##### MATERIAL PROVIDED #####
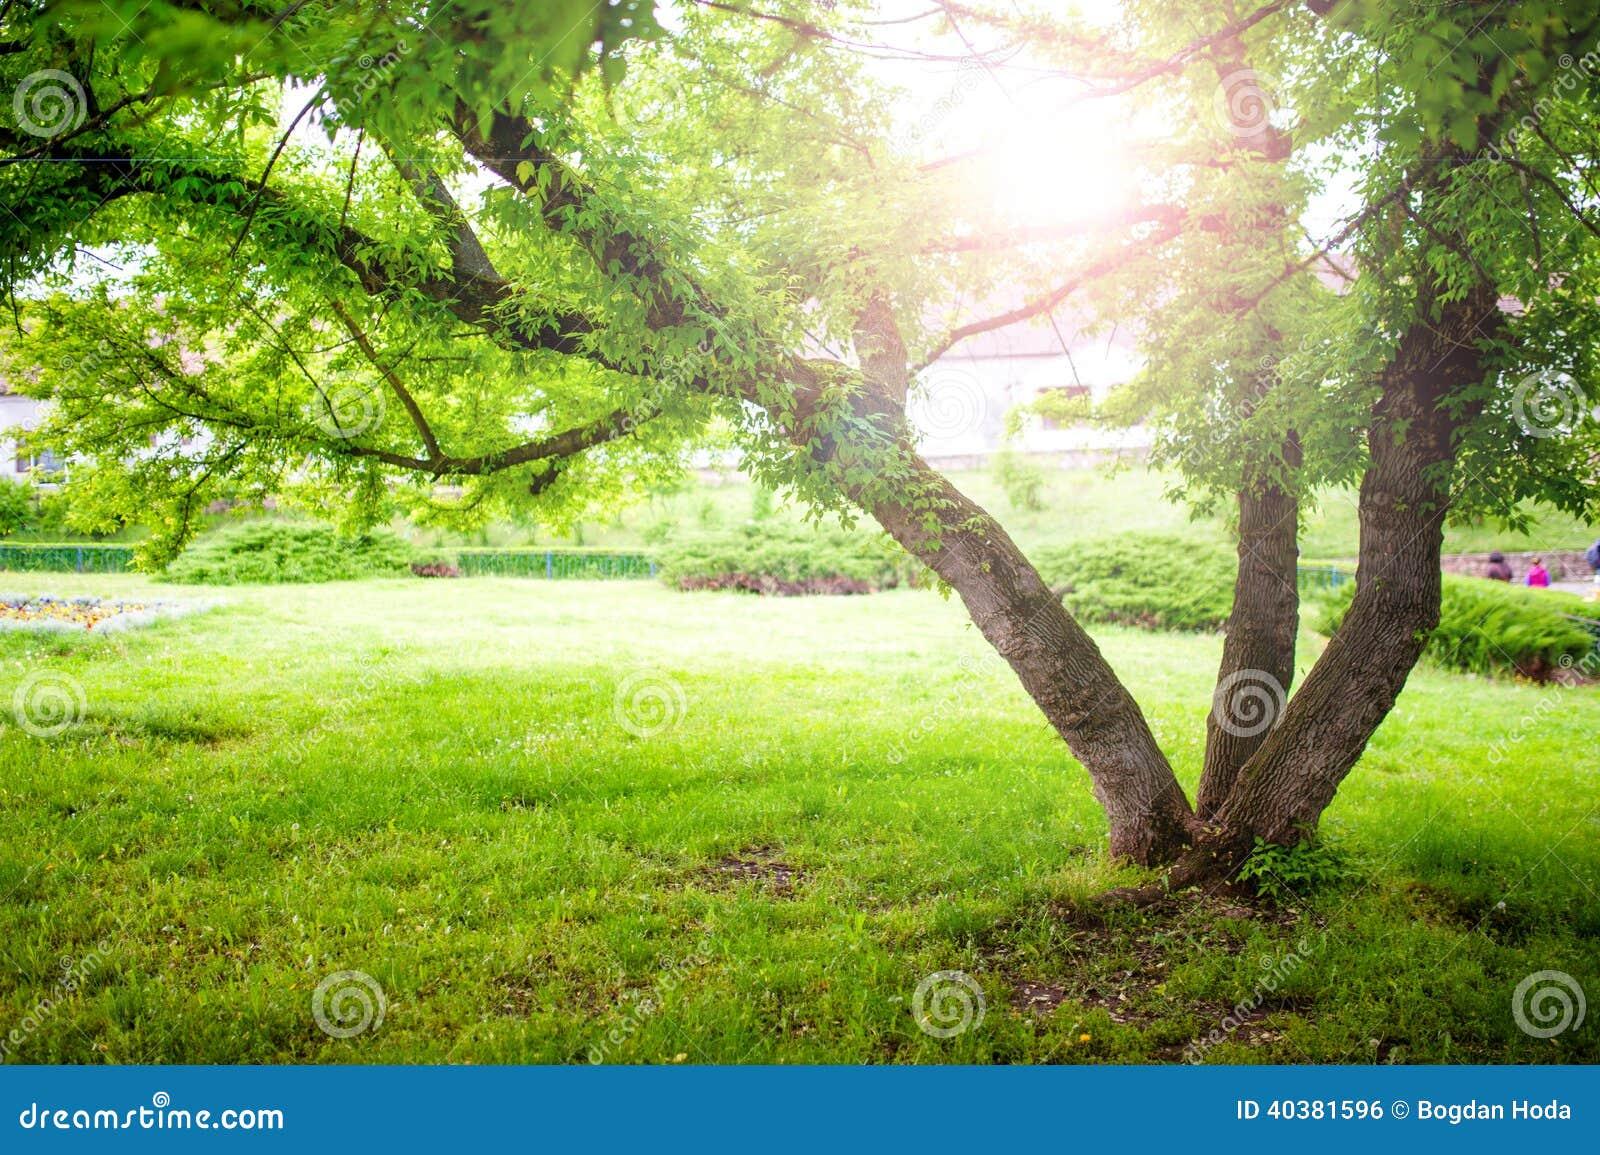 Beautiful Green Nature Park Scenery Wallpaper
#####
##### MATERIAL PROVIDED #####
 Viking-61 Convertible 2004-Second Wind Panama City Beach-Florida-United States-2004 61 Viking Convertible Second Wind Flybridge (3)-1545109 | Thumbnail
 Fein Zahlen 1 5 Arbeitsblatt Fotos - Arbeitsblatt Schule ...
#####
##### MATERIAL PROVIDED #####
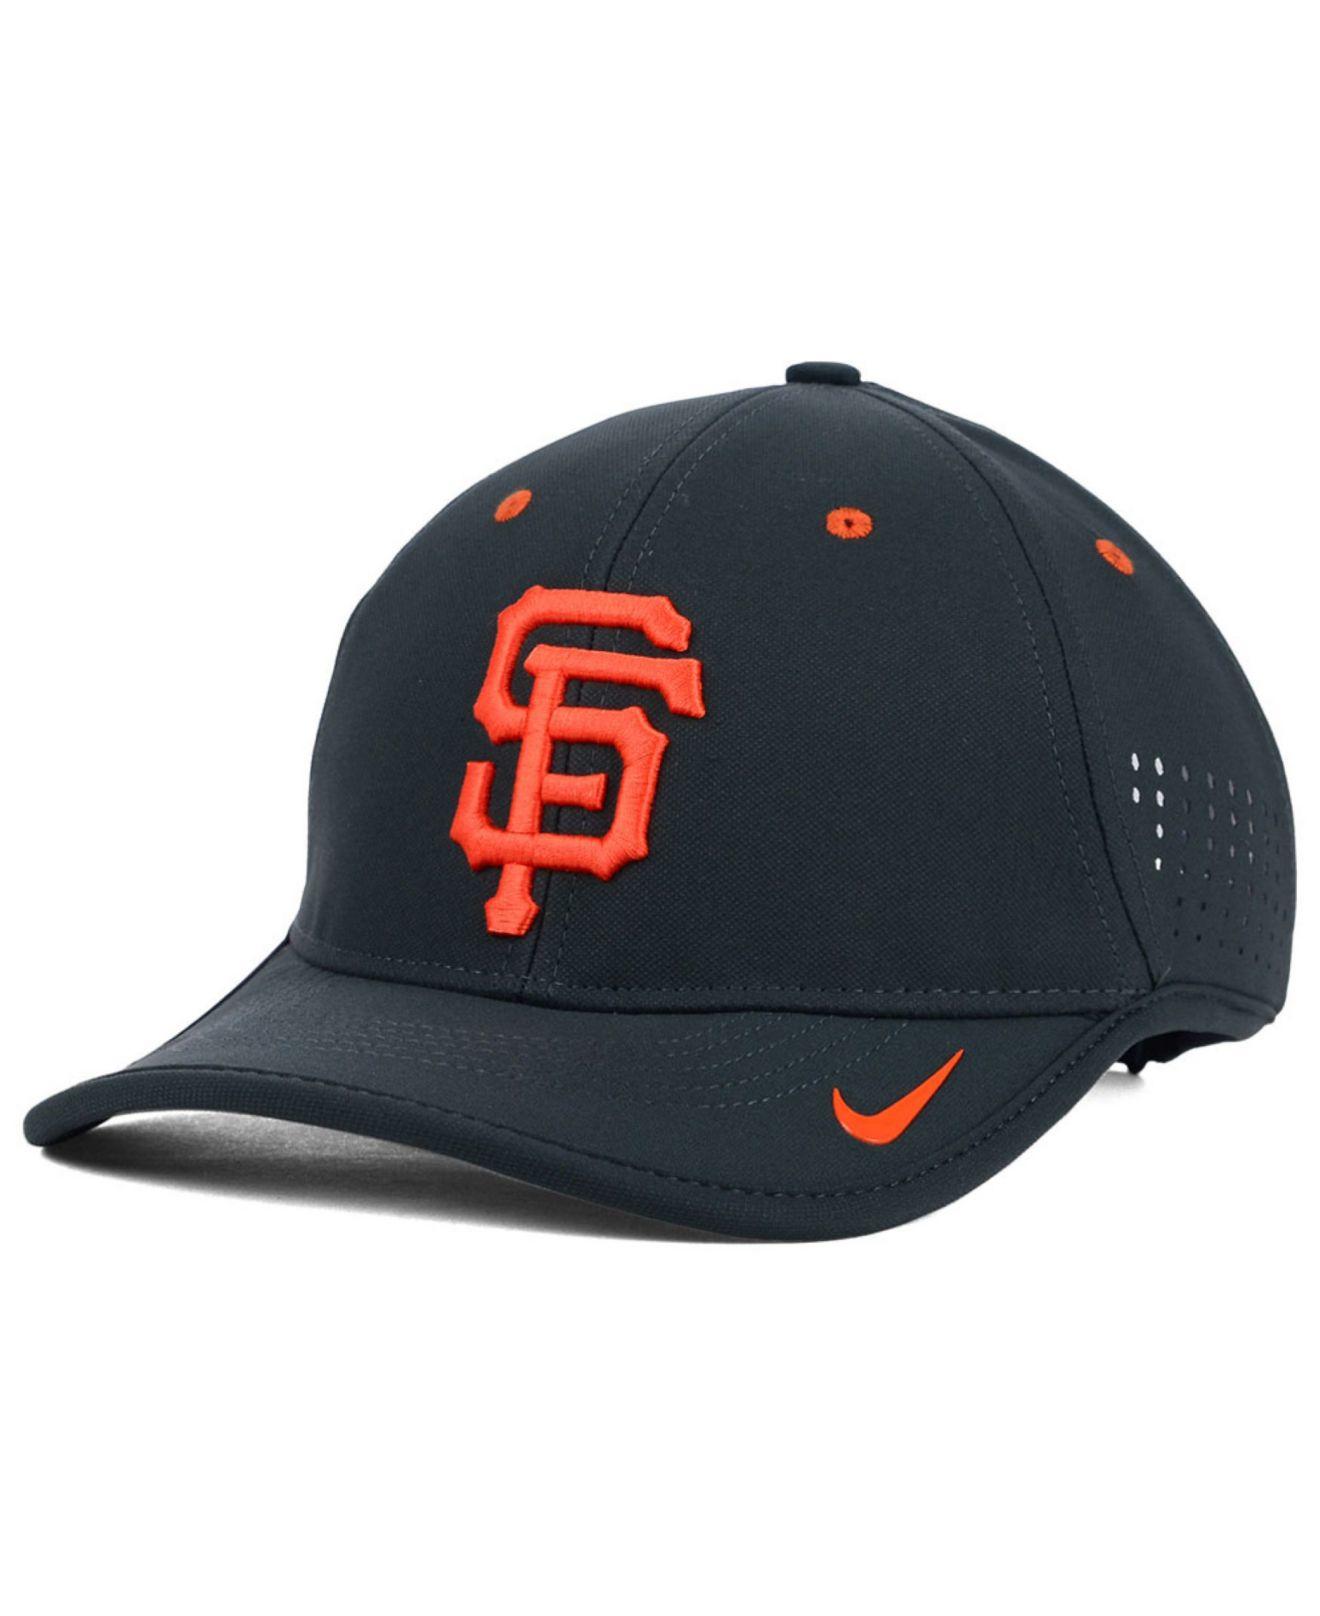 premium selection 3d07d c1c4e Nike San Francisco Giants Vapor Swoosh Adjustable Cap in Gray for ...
#####
In the records above, find the line with "Viking-61 Convertible 2004-Second"; write out exactly that line and each one after it, stopping after the line with "Fein Zahlen 1".

 Viking-61 Convertible 2004-Second Wind Panama City Beach-Florida-United States-2004 61 Viking Convertible Second Wind Flybridge (3)-1545109 | Thumbnail
 Fein Zahlen 1 5 Arbeitsblatt Fotos - Arbeitsblatt Schule ...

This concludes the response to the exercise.